何事もふるき世のみぞしたはしき。いまやうはむげにいやしくこそなりゆくめれ。かの木の道のたくみの作れるうつくしき器も、古代のすがたこそをかしと見ゆれ。文のことばなどぞむかしの反古どもはいみじき。たゞいふことばも、くちをしうこそなりもて行くなれ。「いにしへは、車もたげよ、火かゝげよとこそいひしを、今やうの人は、もてあげよ、かきあげよといふ。主殿寮の人數だてといふべきを、たちあかししろくせよといひ、最勝講の御聽聞所なるをば、御かうのろといふべきを、かうろといふくちをし」とぞふるき人の仰せられし。

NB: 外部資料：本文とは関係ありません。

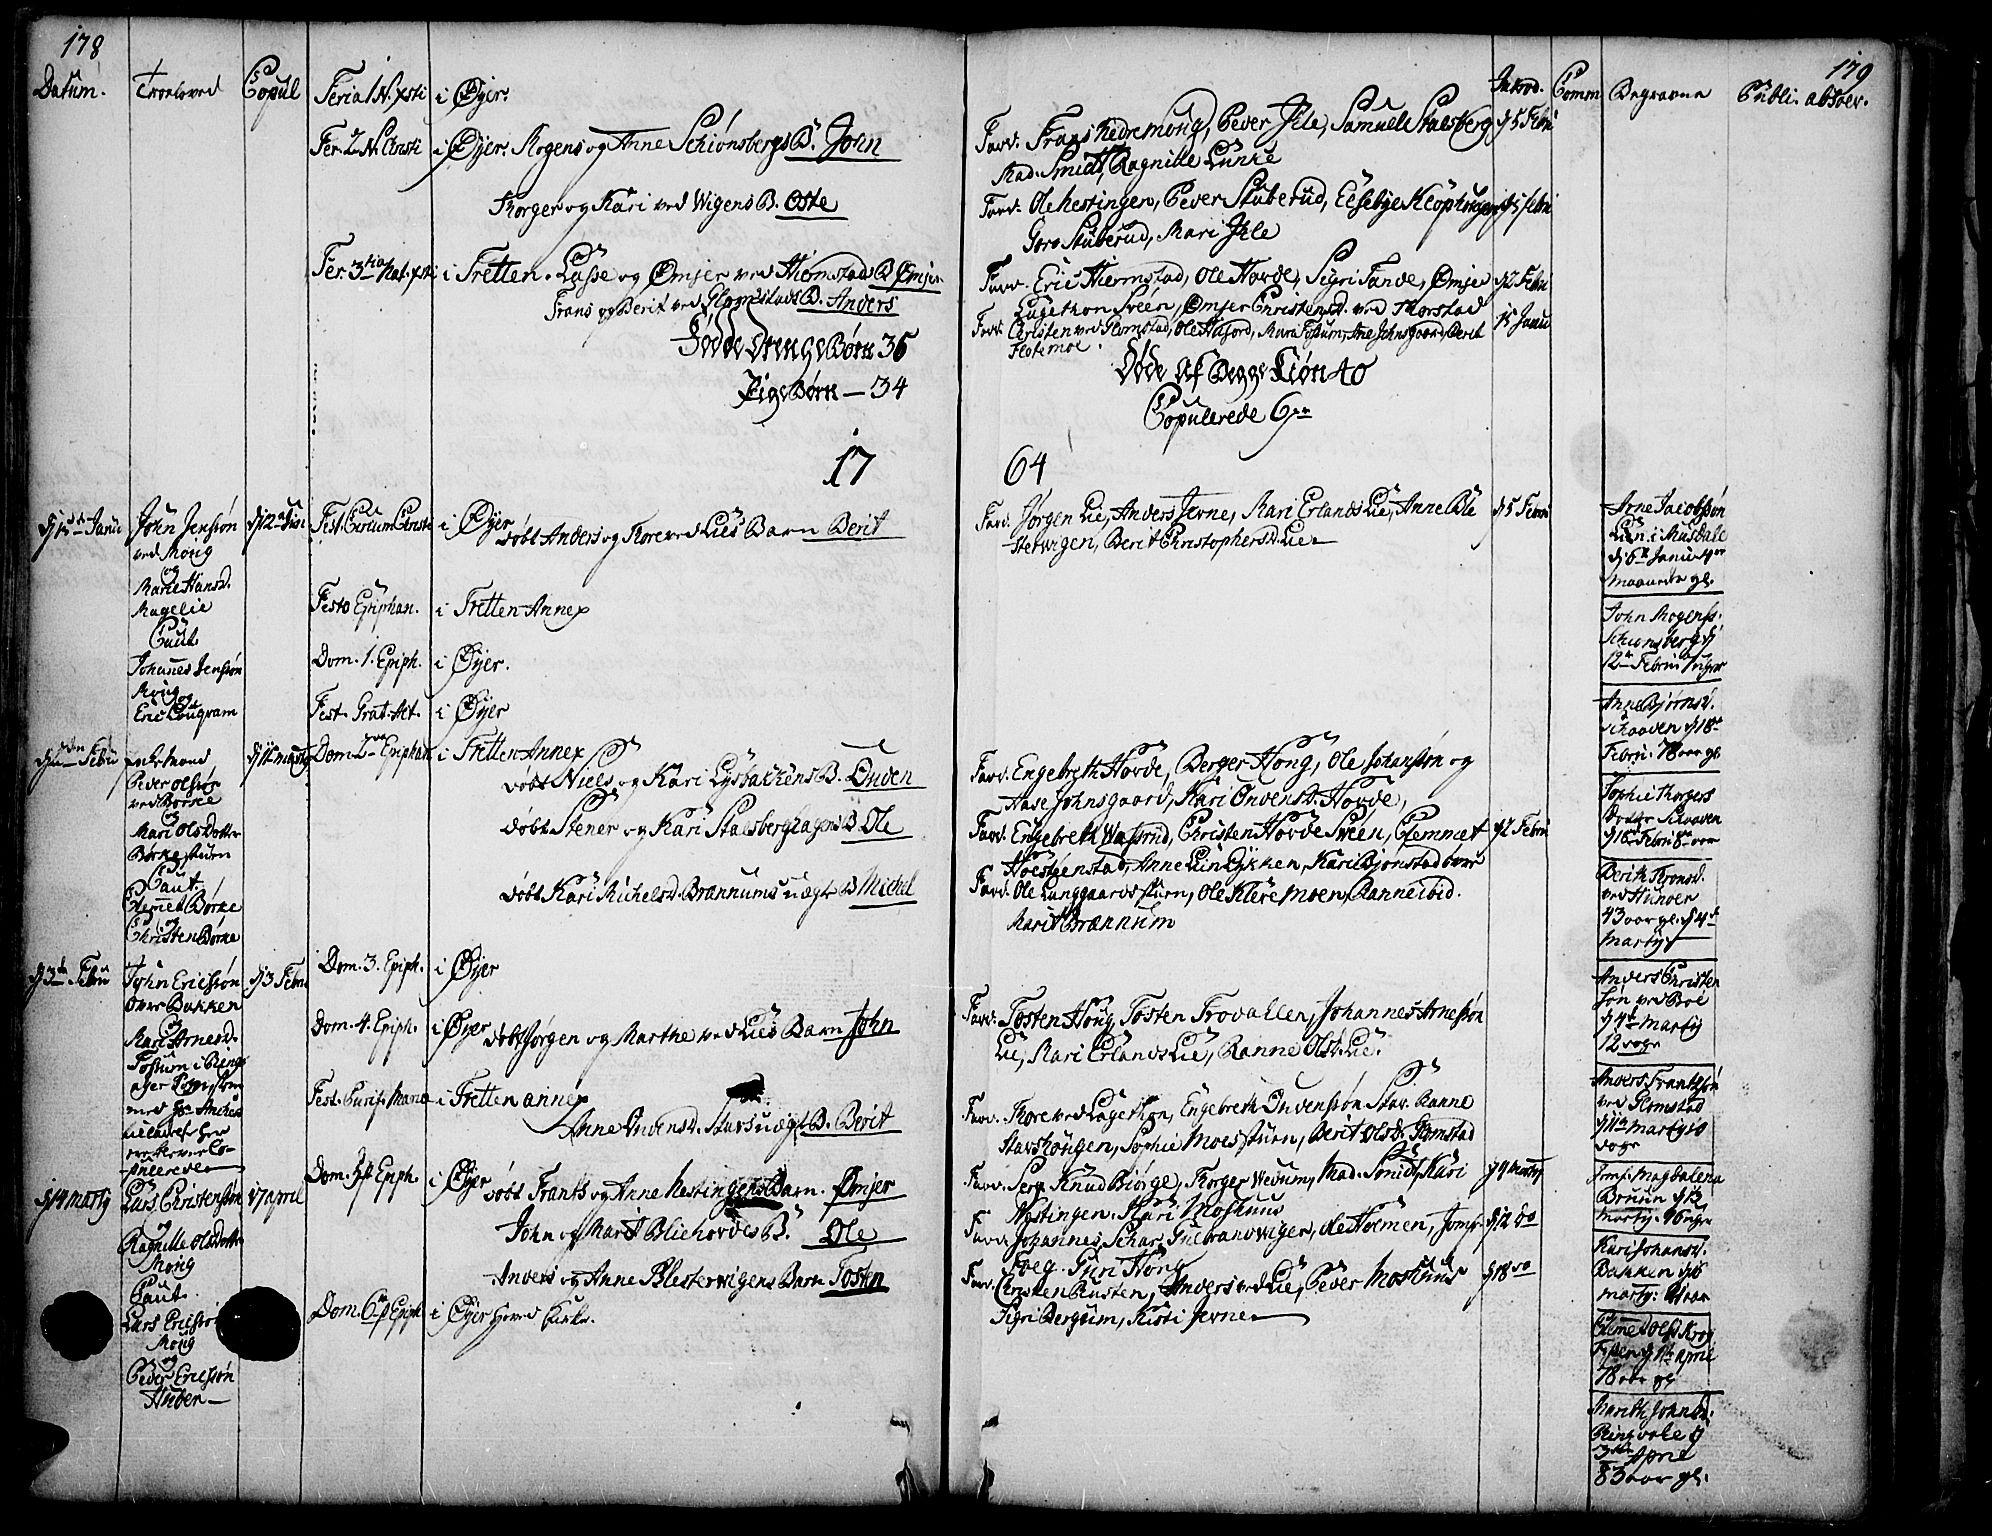 SAH, Øyer prestekontor, Ministerialbok nr. 2, 1733-1784, s. 178-179

衰へたるすゑの世とはいへど、なほ九重のかみさびたるありさまこそ世づかずめでたきものなれ。露臺、朝餉、何殿、何門などは、いみじともきこゆべし。あやしの所にもありぬべき小蔀、小板敷、高遣り戶などもめでたくこそきこゆれ。「陣に夜のまうけせよ」といふこそいみじけれ。夜のおとゞのをば、「かいともしとうよ」などいふまためでたし。上卿の陣にて行へるさまはさらなり、諸司の下人どものしたり顏になれたるもをかし。さばかり寒き夜もすがら、こゝかしこにねぶり居たるこそをかしけれ。「內侍所の御鈴の音はめでたく優なるものなり」とぞ德大寺の太政大臣〈基實〉は仰せられける。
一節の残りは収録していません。